Single by Static-X

from the album Wisconsin Death Trip
- Released: June 10, 1999
- Genre: Nu metal; industrial metal;
- Length: 2:34
- Label: Warner Bros.
- Songwriters: Tony Campos; Wayne Wells;
- Producers: Ulrich Wild; Static-X;

Static-X singles chronology
|  | "Push It" (1999) | "I'm with Stupid" (2000) |

Music video
- "Push It" on YouTube

= Push It (Static-X song) =

"Push It" is a song by American industrial metal band Static-X, released in 1999 as the first single from their debut album Wisconsin Death Trip. As one of the band's most popular songs, it's credited, along with "I'm with Stupid", for making Wisconsin Death Trip the best-selling Static-X album.

== Music video ==
The music video for "Push It" was directed by Mick Olszewski and introduces shots of clay animation creatures similar to those found in Tool music videos, interspersed with the band performing.

== Critical reception ==
Men's Health ranked the song at number 44 on their "The 125 Best Heavy Metal Workout Songs of All Time" list, stating its "swift kick in the ass" was birthed from "late-90s industrial metal." Consequence placed it even higher, at number 18, on their "50 Best Industrial Songs of All Time" list, noting its "roovy, heavy, wild industrial sound" served as a "blueprint for Static-X’s music to follow," while Annie Zaleski of Spin ranked the "synth-bisected" song at number 16 on her The 30 Best Nu-Metal Songs" list. She praised its combination of a "rumbling" instrumental with Wayne Static's "banshee screams" and "doomy huffing."

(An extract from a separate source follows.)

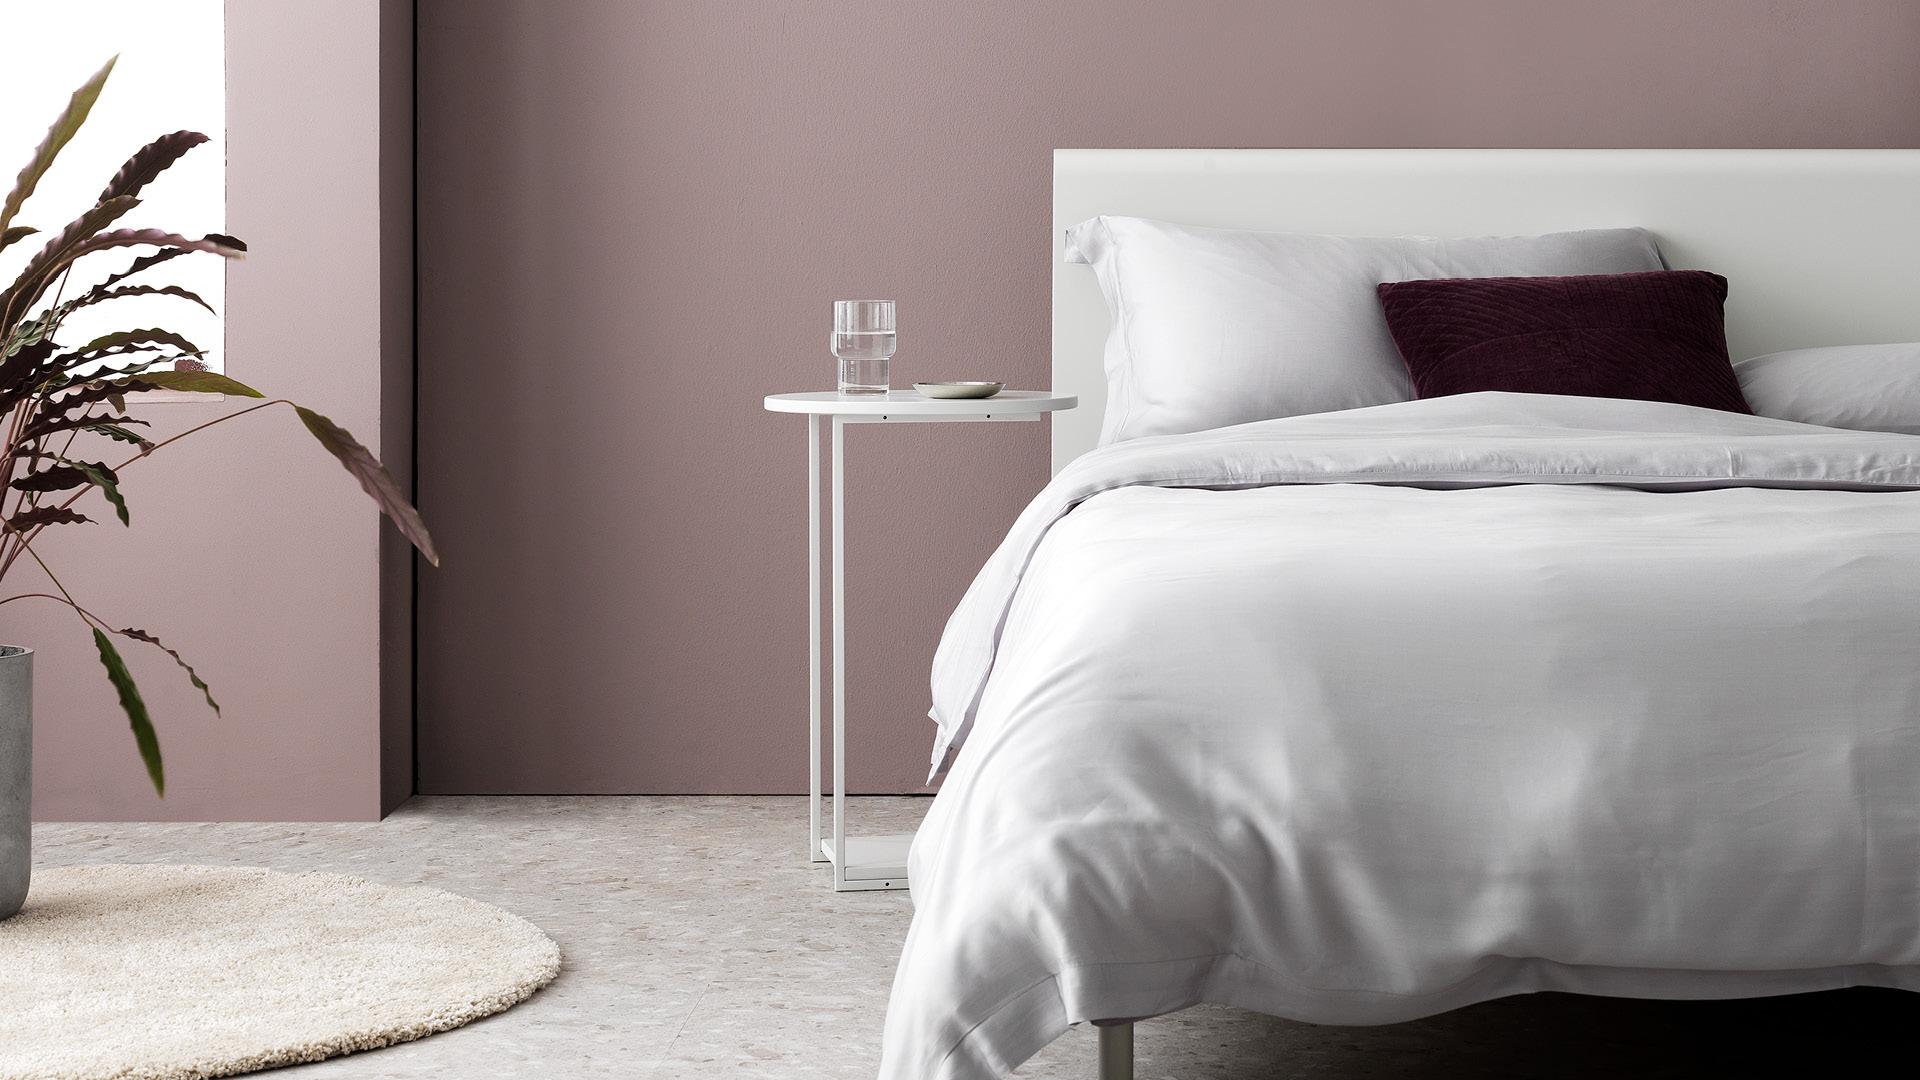 纯净卧室,照顾不愿起身的周末

"Push It" is Paolo Gregoletto's, the bassist of heavy metal band Trivium, seventh favorite nu metal song. He summarized the song as "tight metal guitar riffs over a driving 4/4 beat."

==Track listing==
1. "Push It" - 2:35
2. "Bled for Days (Live)" - 4:09
3. "Push It (JB's Death Trance Mix)" - 3:32
4. "Down (Previously Unreleased)" - 3:14
5. "Push It (Mephisto Odyssey Crucified Dub Mix)" - 6:10

==Charts==

| Chart (1999–2000) | Peak position |
|---|---|
| US Alternative Airplay (Billboard) | 36 |
| US Hot Dance Singles Sales (Billboard) | 5 |
| US Mainstream Rock (Billboard) | 20 |

== Certifications ==

| Region | Certification | Certified units/sales |
| United States (RIAA) | Gold | 500,000^{‡} |
^{‡} Sales+streaming figures based on certification alone.